This paper discusses Cardinal Richelieu, who, in the late 1500s and early 1600s, was one of the stronger politicians behind the weakening French throne of King Louis VIII.
This paper explains that Richelieu, the villain in the “Three Musketeers”, is one of the reasons the marriage of church and state, which was the practice in Europe at the time, left such a sour taste in the mouths of those statesmen who crafted the American Constitution. The author points out that the monarchy was established so firmly that, even the long, poorly administered reign, and the series of rebellions, which occurred during that time, could not shake its foundation, and France became the dominating power on the continent of Europe, both in politics and in the arts. The paper relates that, while the Protestant Reformation had taken root in Europe less than a half century prior to Richelieu’s ascent to power, his allegiance to the Catholic Pope placed him at political odds with those who engaged in dissent.
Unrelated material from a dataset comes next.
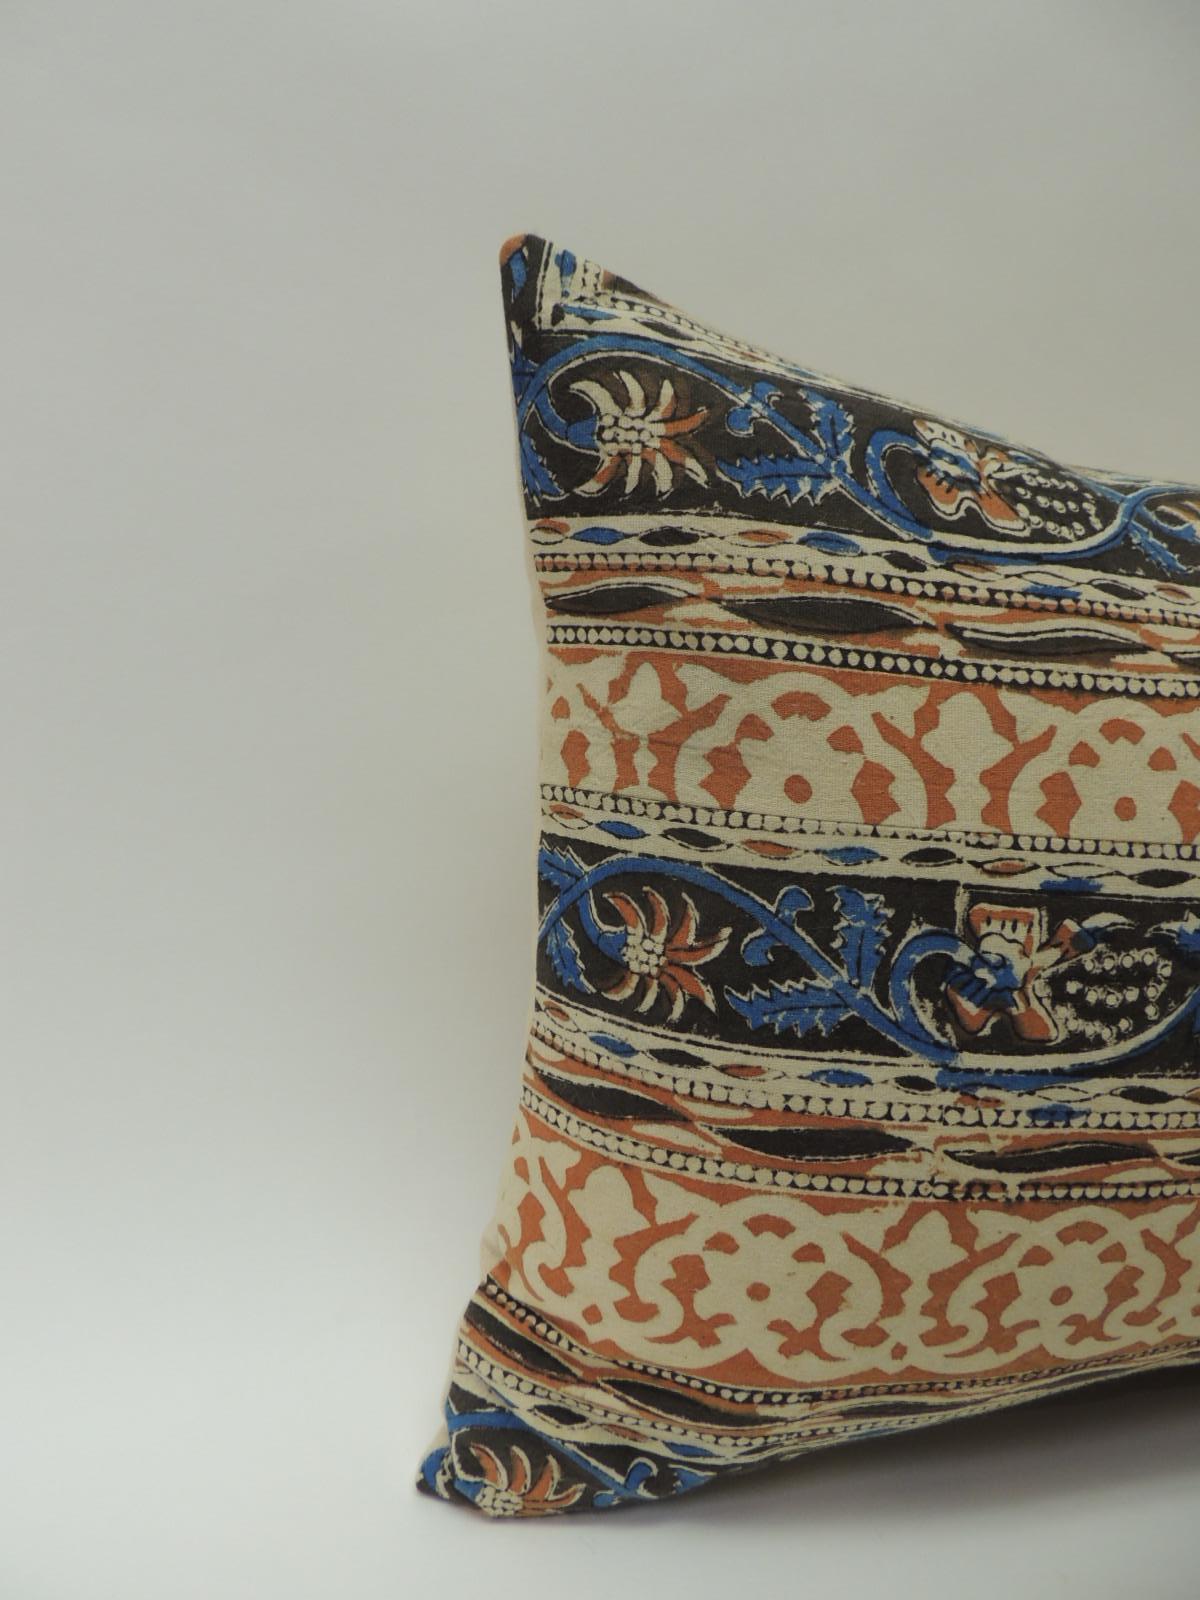 Vintage Indian hand-blocked artisanal textile decorative Bolster pillow.
Decorative throw bolster pillow handcrafted with a hand-blocked floral vintage cotton artisanal Indian hand-blocked textile panel depicting horizontal stripes and finished

As masterfully demonstrated by the Clinton administration, controlling public opinion is a process of paramount importance if a man of dubious character is to build a favorable legacy. Criticism needed to be stifled, and Richelieu did this with much success. He submitted the press who would question his advisory role to the king to a brutally repressive regime. As a result, most pamphlets published in France in his day supported the government. According to recent research into French history, the Cardinal extended his concept of spin control to any publication critical of the government, including popular cultural writers of the time, the Academie Francaise, which was intended to enhance the artistic and intellectual prestige of France.